A dynamic risk assessment and a carefully thought-out long-term plan should be considered by those National Federations before they make any irreversible membership decisions. IBA does not accept dual membership, which is a crucial choice for each entity and requires a pragmatic approach.
The recent example set by the Dutch Boxing Federation, which is currently a suspended IBA member, demonstrates that this organization understands and acknowledges all uncertainties of the possible breakup with the IBA. On the other side, there are zero competitions, zero predicted financial support from above, and zero proof of so called “good governance principles” that are being loosely communicated.
These are the main reasons why well-run NFs hesitate to make rash decisions and leave with immediate effect.
‘The international situation is currently very complex. Facts and assumptions are regularly confused and proclaimed as truth, creating unnecessary unrest,’ reads the statement from the Dutch Boxing Federation, which has declared that they will appoint an external independent advisor to assess the current situation and make a recommendation for the future direction of the Dutch Boxing Federation.
Seeking a solution to allow for their athletes to compete at the Olympics is truly understandable, as many of National Federations are dependent on Olympic funds from the state/NOCs. However, the Olympics represents only 248 elite athletes in total. To get there, a boxer must go from grassroots to the top gradually, gaining experience and fighting the best to excel. In addition, there are 4 years in between the Games, and the boxers need to train and compete to develop their skills, grow professionally while also making a living to get them to the next Olympic cycle.

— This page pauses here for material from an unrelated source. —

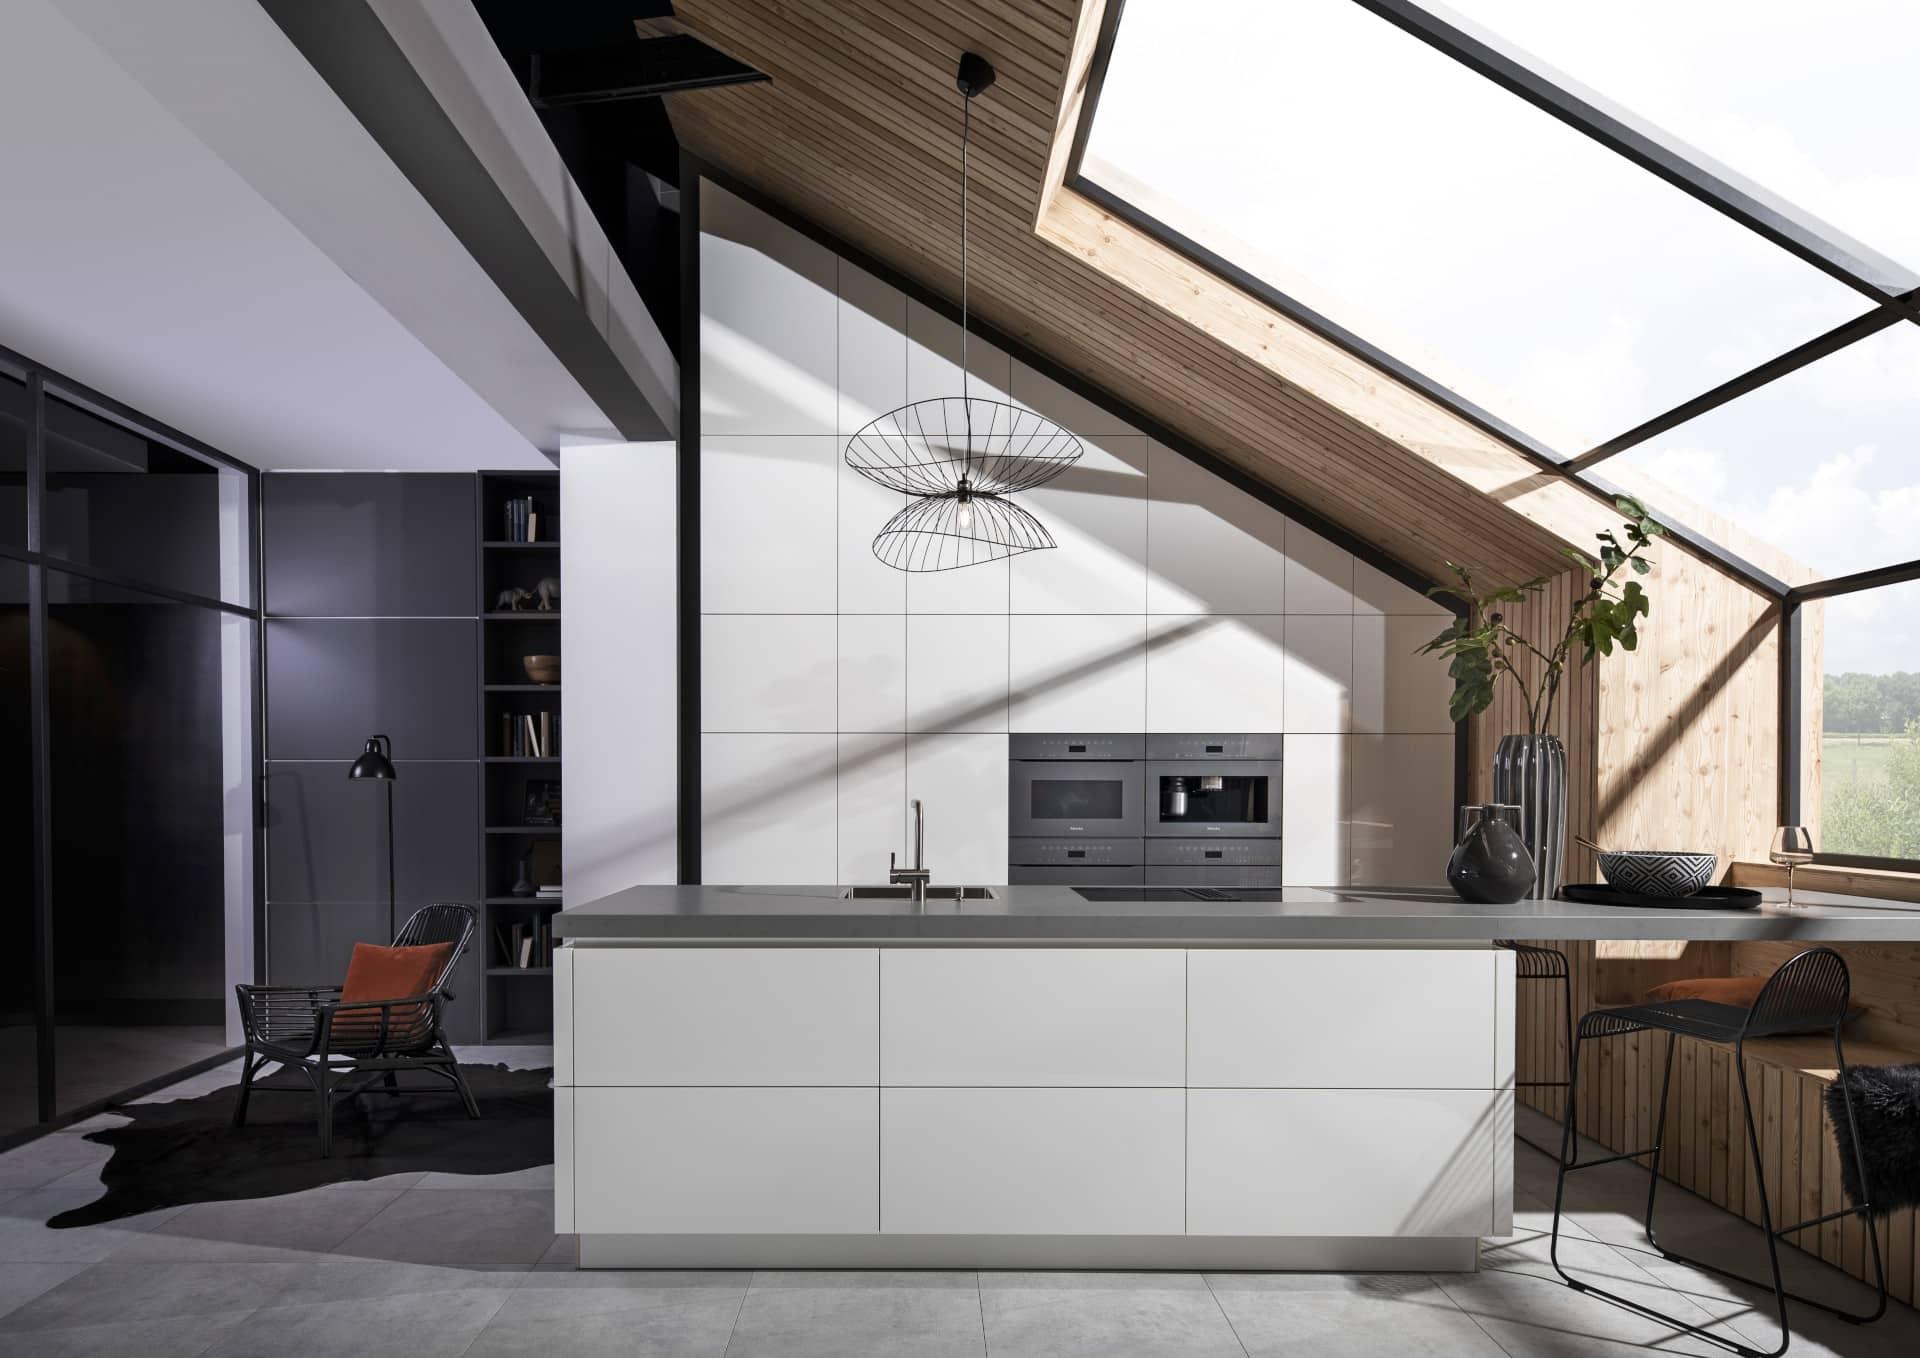 Hedendaags Hoogglans wit gelakte keuken   Keukencentrum Uniek in Hoogeveen DV-43

IBA provides all these opportunities today, while the alternative organization does not. IBA has secured the budget for the next 4-year cycle that includes IBA’s events portfolio, prize money fund, Financial Support Program (FSP) and various development initiatives. Moreover, there are not any guarantees that the alternative organization will receive IOC recognition, because this process is quite long and complicated. At the same time, IBA positively estimates its chances to demonstrate before the Court of Arbitration for Sport in a fair procedure the progress achieved recently within the governance, finances, and integrity of the competitions.
The IBA continues to be the Home of Boxing for five Confederations, with nearly 200 National Federations and thousands of boxers, coaches, and officials from around the globe. The organization does not prevent anyone from participating in the Olympic Games or Olympic qualification events and welcomes all boxers and officials to IBA’s events regardless of their National Federation status. It is also important that IBA is ready to support its National Federations and boxers (including financially) in participation in the Olympic Games.
The IBA continues to remain as the only international boxing governing body. We will stand for our athletes as well as defending our 77-year history and positive achievements that have culminated over these years. We are already protecting our integrity, amongst which by association is our hierarchical framework and its valued members. IBA truly understands the need to support National Federations, and in turn it associated clubs and its affiliated members.